Chautauqua County Visitors Bureau                                      E-NEWS    November 2013
what's  happening
Through November 2013 - Colors of Chautauqua learning festival 
 
November 1-3 and 8-10, 2013 - Harvest Wine Weekends, Lake Erie Wine Country
 
 
 
November 2, 2013 - Christmas Thru the Village, Findley Lake
 
November 2, 2013 - WURST Party Ever! Peek'n Peak Bierfest 2013
 
November 8, 2013 - Mark Twain Live! 1891 Fredonia Opera House
 
 

 
 
November 8-10, 2013 - Bemus Point Holiday Open House  
 
November 9, 2013 - Owl Day, Jamestown Audubon Center
 
November 15, 2013 - Dark Star Orchestra: Southern Tier Brewing Company Live Concert Series
 
November 16, 2013 - Santa's Gallery Hop, Rt. 394 Corridor
 
November 23, 2013 - Thanksgiving with the Birds, Jamestown Audubon Center
 
November 29, 2013 - January 18, 2013 - Annual Holiday Exhibit and Candlelight Tours, Fenton History Center 
 
December 6, 2013 - Holiday Parade, Jamestown
 
December 6, 7, 13, 14, 20, and 21 - Winter Lights at Audubon, 6-9 pm
 
December 7, 2013 - Homemade Holidays, Jamestown Audubon Center
 
 
For a full list of events in Chautauqua County throughout the year, see the online calendar.
Harvest Wine Weekends
November 1-3 and 8-10, 2013
Harvest Wine Festival
Celebrate the end of the grape harvest in America's Grape Country with Lake Erie Wine Country's annual Harvest Wine Weekends. There are still tickets available for the second weekend of the event, November 8-10. Guests will savor delicious foods paired with select wines at each of 24 wineries. While there, be sure to stop at the new Grape Discovery Center in Westfield, and plan to return February 14-16, 2014 and bring your Valentine for the luscious Wine & Chocolate Weekend.

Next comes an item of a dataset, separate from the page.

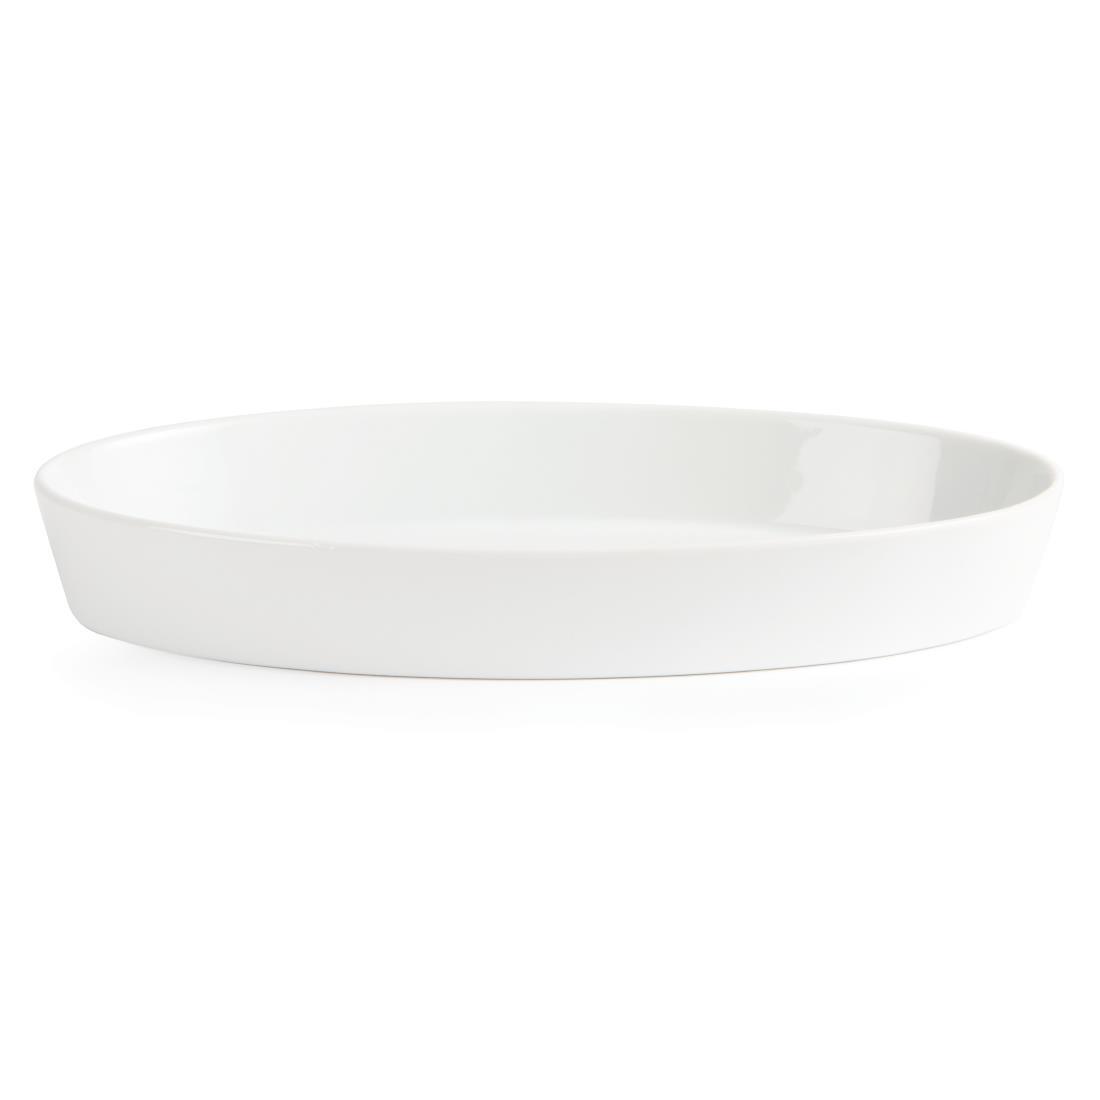 Olympia Whiteware Oval Sole Dishes 283 x 152mm (Pack of 6) - W409  - 3
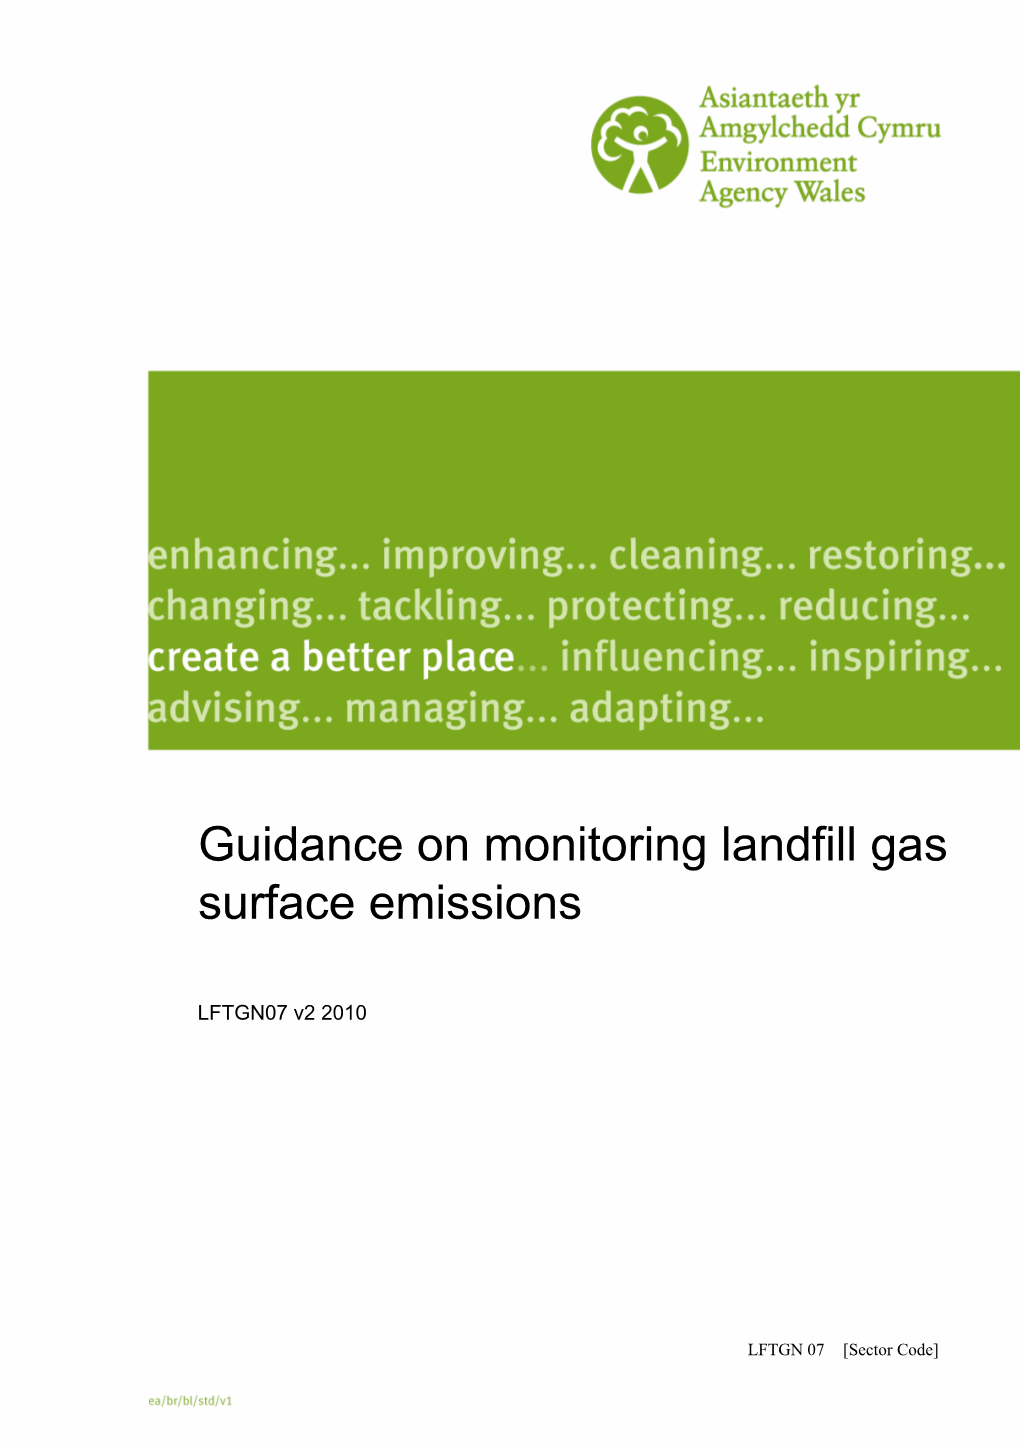 LFTGN07 Guidance on Monitoring Landfill Gas Surface Emissions

Continuing Colors of Chautauqua
A seasonal learning festival
Colors Chautauqua The season long Colors of Chautauqua Learning Festival continues through November with scrapbooking and mosaic workshops along with a history of Lake Erie Shipwrecks, poetry and culinary classes, an Amish tour and an introduction to Bridge. For more information and a schedule, visit www.tourchautauqua.com/chqcolors/index.aspx.
  
Holiday Traditions
Annual Exhibit and Candlelight tours
For 34 years, the Annual Holiday Exhibit at the Fenton History Center in Jamestown has been a favorite local tradition. Stop by between November 29, 2013 and January 18, 2014 and enter into American holiday traditions of past and present in the grand 1863 mansion of New York State Governor Reuben E. Fenton (1865-1868). The elegant Mansion will celebrate "Signs of the Season: Why we celebrate the holidays like we do" along with fresh greenery, holiday decorations, and an upside down Christmas tree. New for 2013, costumed guides will give candlelight tours of the mansion and exhibit on Saturdays from 7-8 pm.  
A Holiday Parade
December 6, 2013
The Jamestown Renaissance Corporation announces the 2013 Christmas Parade and Holiday Celebration theme: "Jamestown's Snowball Express," connecting the story of The Polar Express with Jamestown's refurbished Gateway Train Station and traditional downtown holiday imagery. The 2013 parade will be held on Friday, December 6, 2013, in downtown Jamestown. Additional holiday activities and events in the Jamestown area, on December 6 and throughout the holiday season, can be found on the events calendar at www.jamestownupclose.com.  
A Spectacular Skating and Gymnastics Event
December 14, 2013
The Progressive Skating and Gymnastics Spectacular returns to the Jamestown Savings Bank Arena on December 14th. Sold-out in 2012, the show features Olympic, world, and national champions from two of the most popular Olympic sports: figure skating and gymnastics. Olympic figure skating champion Kristi Yamaguchi, three-time US figure skating champion Michael Weiss, and Olympic gymnastics champions Nadia Comaneci and Bart Conner will host the event.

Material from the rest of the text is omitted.